What is machine vision?

Machine vision is the ability of a computer to see; it employs one or more video cameras, analog-to-digital conversion and digital signal processing. The resulting data goes to a computer or robot controller. Machine vision is similar in complexity to voice recognition.

Machine vision is sometimes conflated with the term computer vision. The technology is often integrated with artificial intelligence (AI), machine learning and deep learning to accelerate image processing.

How does machine vision work?

Machine vision uses cameras to capture visual information from the surrounding environment. It then processes the images using a combination of hardware and software and prepares the information for use in various applications. Machine vision technology often uses specialized optics to acquire images. This approach lets certain characteristics of the image be processed, analyzed and measured.

For example, a machine vision application as part of a manufacturing system can be used to analyze a certain characteristic of a part being manufactured on an assembly line. It could determine if the part meets product quality criteria and, if not, dispose of the part.

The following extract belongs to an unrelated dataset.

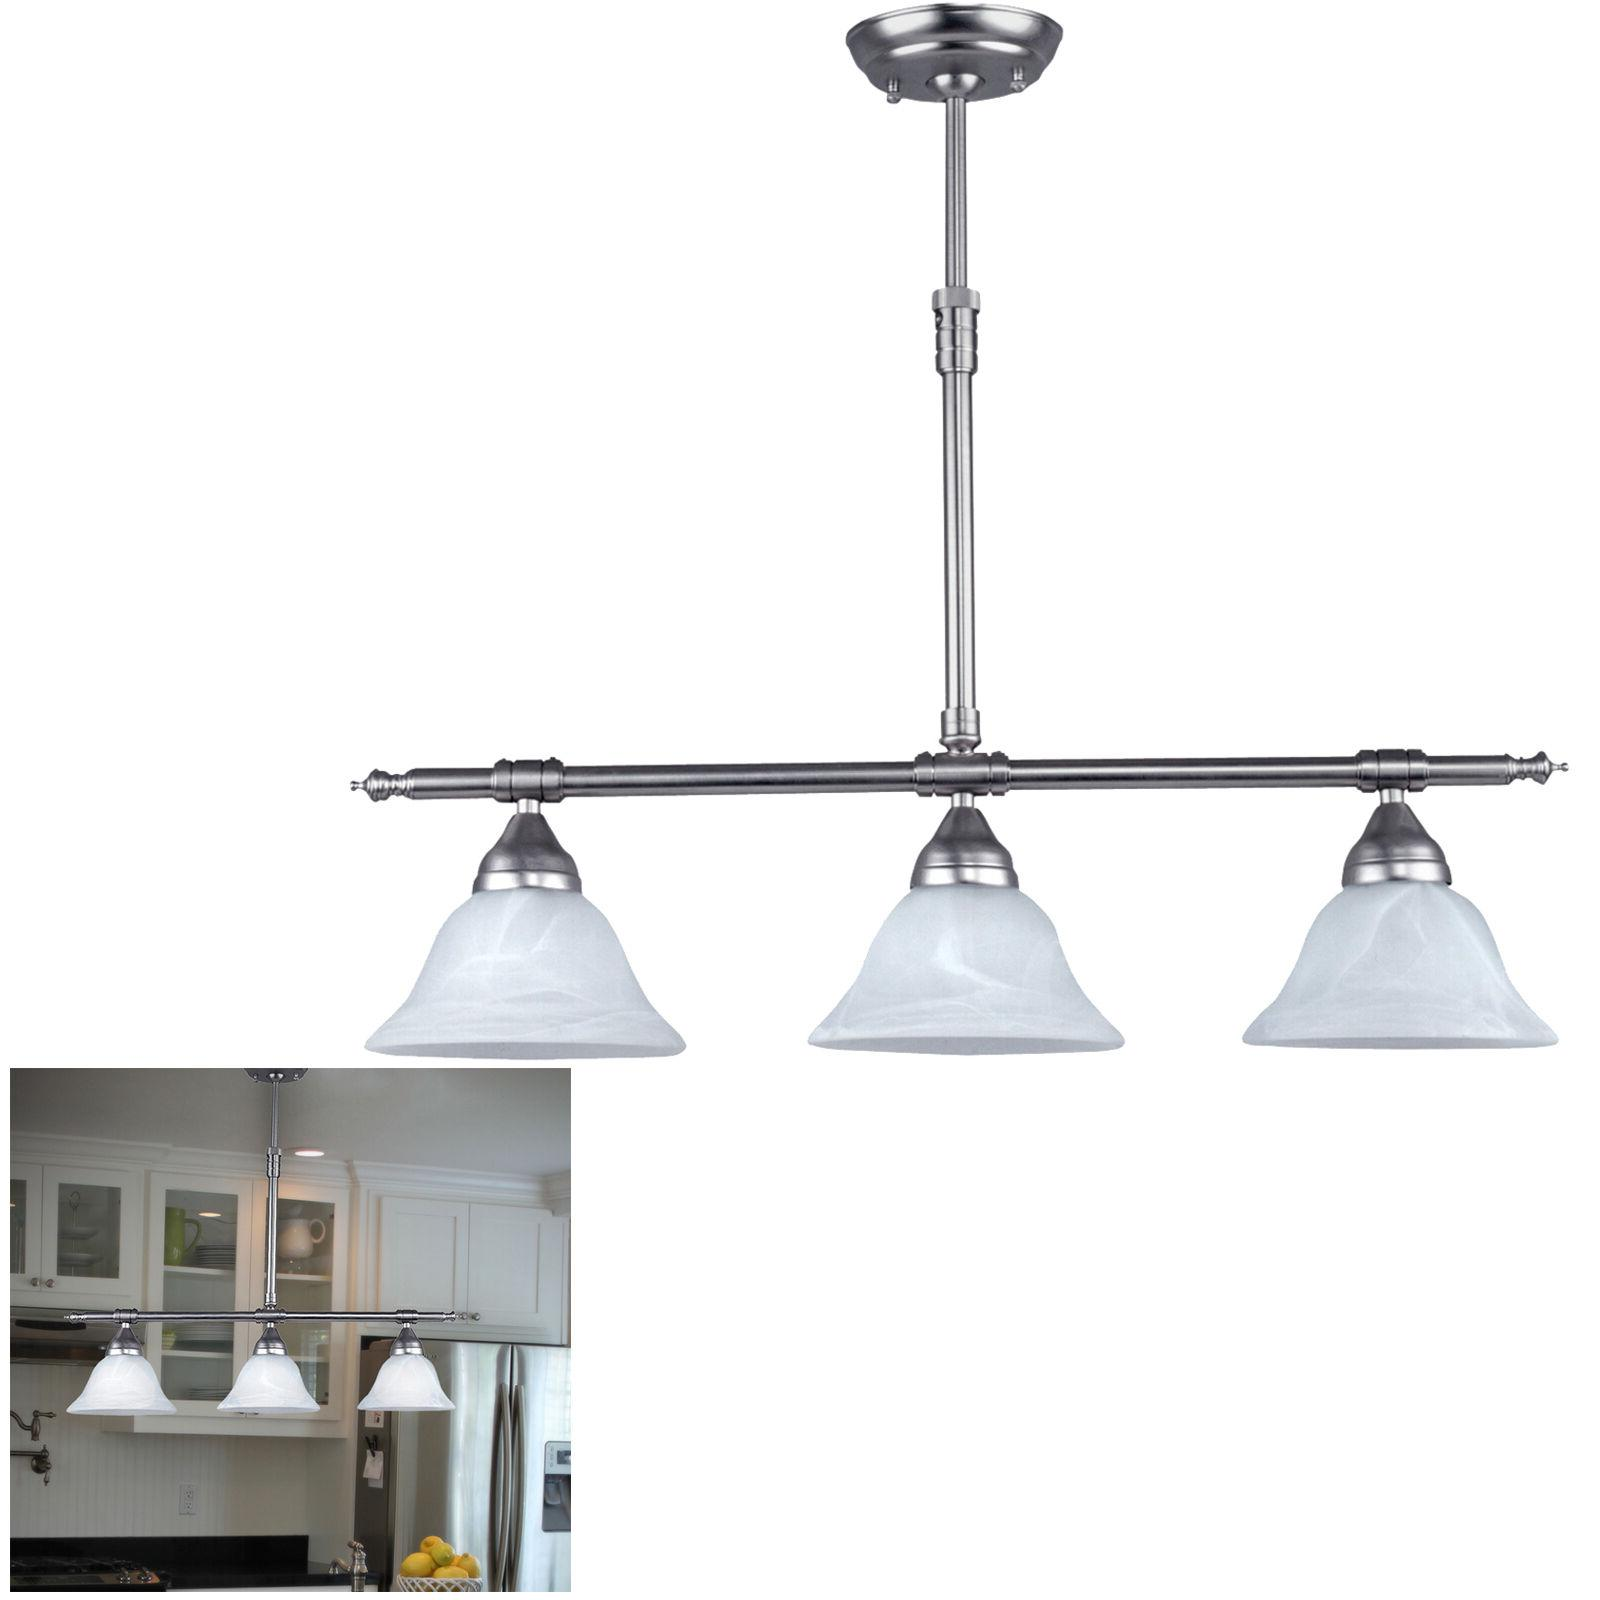 Brushed Nickel Kitchen Island Pendant Light Fixture Dining,
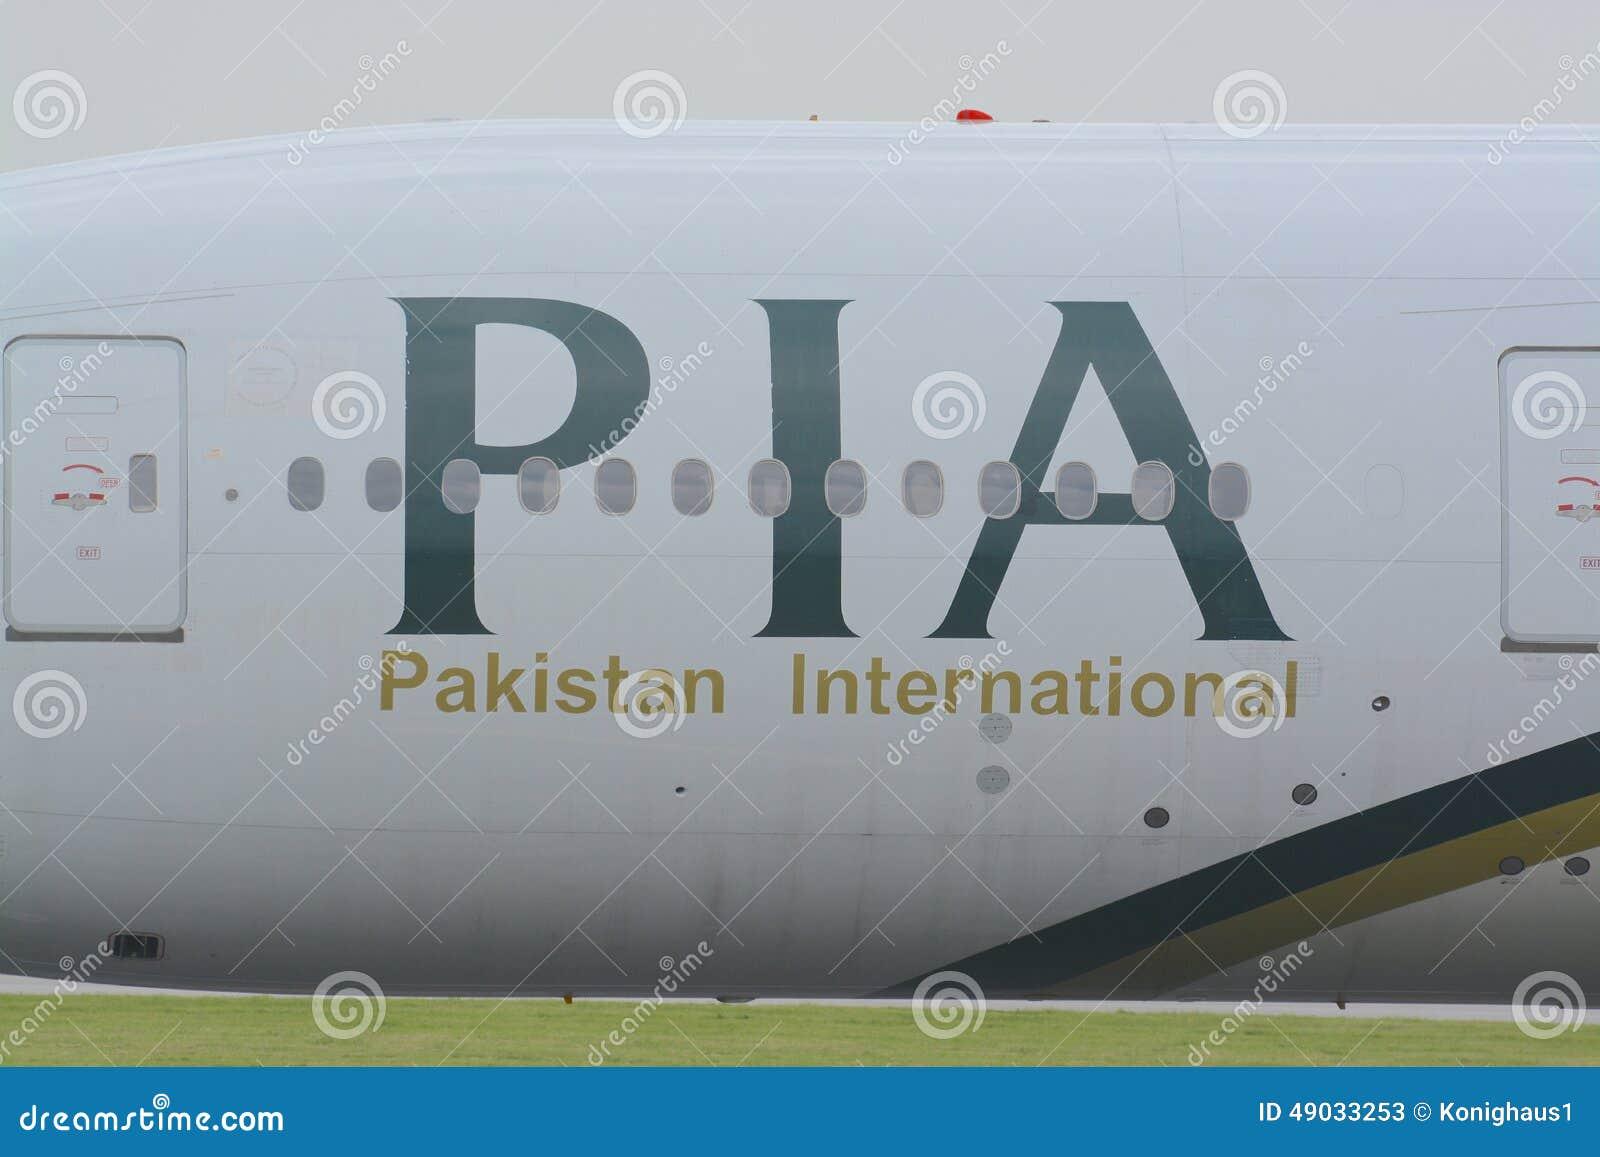 Bakery business plan in pakistan aeroplane

In manufacturing settings, machine vision systems typically need the following items:

  • Lighting. Lighting illuminates the object or scene to make its features visible.
  • Lens. This captures the image and delivers it to the sensor in the camera as light.
  • Capture board, frame grabber or sensor. These devices work together to process the image from the camera and convert it to a digital format as pixels. Image sensors convert light into electric signals using either complementary metal-oxide semiconductor technology or a charge-coupled device.
  • Processor. The processor runs software and related algorithms that process the digital image and extract the required information.
  • Communication. These systems enable the machine vision cameras and processing system to communicate with other elements of the bigger system, usually using a discrete input/output signal or a serial connection.
Machine vision components
Cameras and sensors are used to collect images as light or photons and turn them into electric signals or electrons for processing and use in industrial applications.

There are two types of cameras used in manufacturing machine vision:

  1. Area scan. These cameras take pictures in a single frame using a rectangular sensor. The number of pixels in the sensor corresponds to the width and height of the image. Area scan cameras are used for scanning objects that are the same size in terms of width and height.
  2. Line scan. These cameras build an image pixel by pixel. They're suited for taking images of items in motion or of irregular sizes. The sensor passes in a linear motion over an object when taking the picture. Line scan cameras aren't as limited to specific resolutions the way area scan cameras are.

Camera lenses vary in optical quality. Two important specifications in any vision system are the sensitivity and the resolution of the lens, which have the following characteristics:

  • Sensitivity is the ability of a machine to see in dim light or to detect weak impulses at invisible wavelengths.
  • Resolution is the extent to which a machine can differentiate between objects.

In general, the greater the resolution, the more confined the field of vision. Sensitivity and resolution are interdependent. If other factors are constant, increasing the sensitivity reduces the resolution, and increasing the resolution reduces the sensitivity.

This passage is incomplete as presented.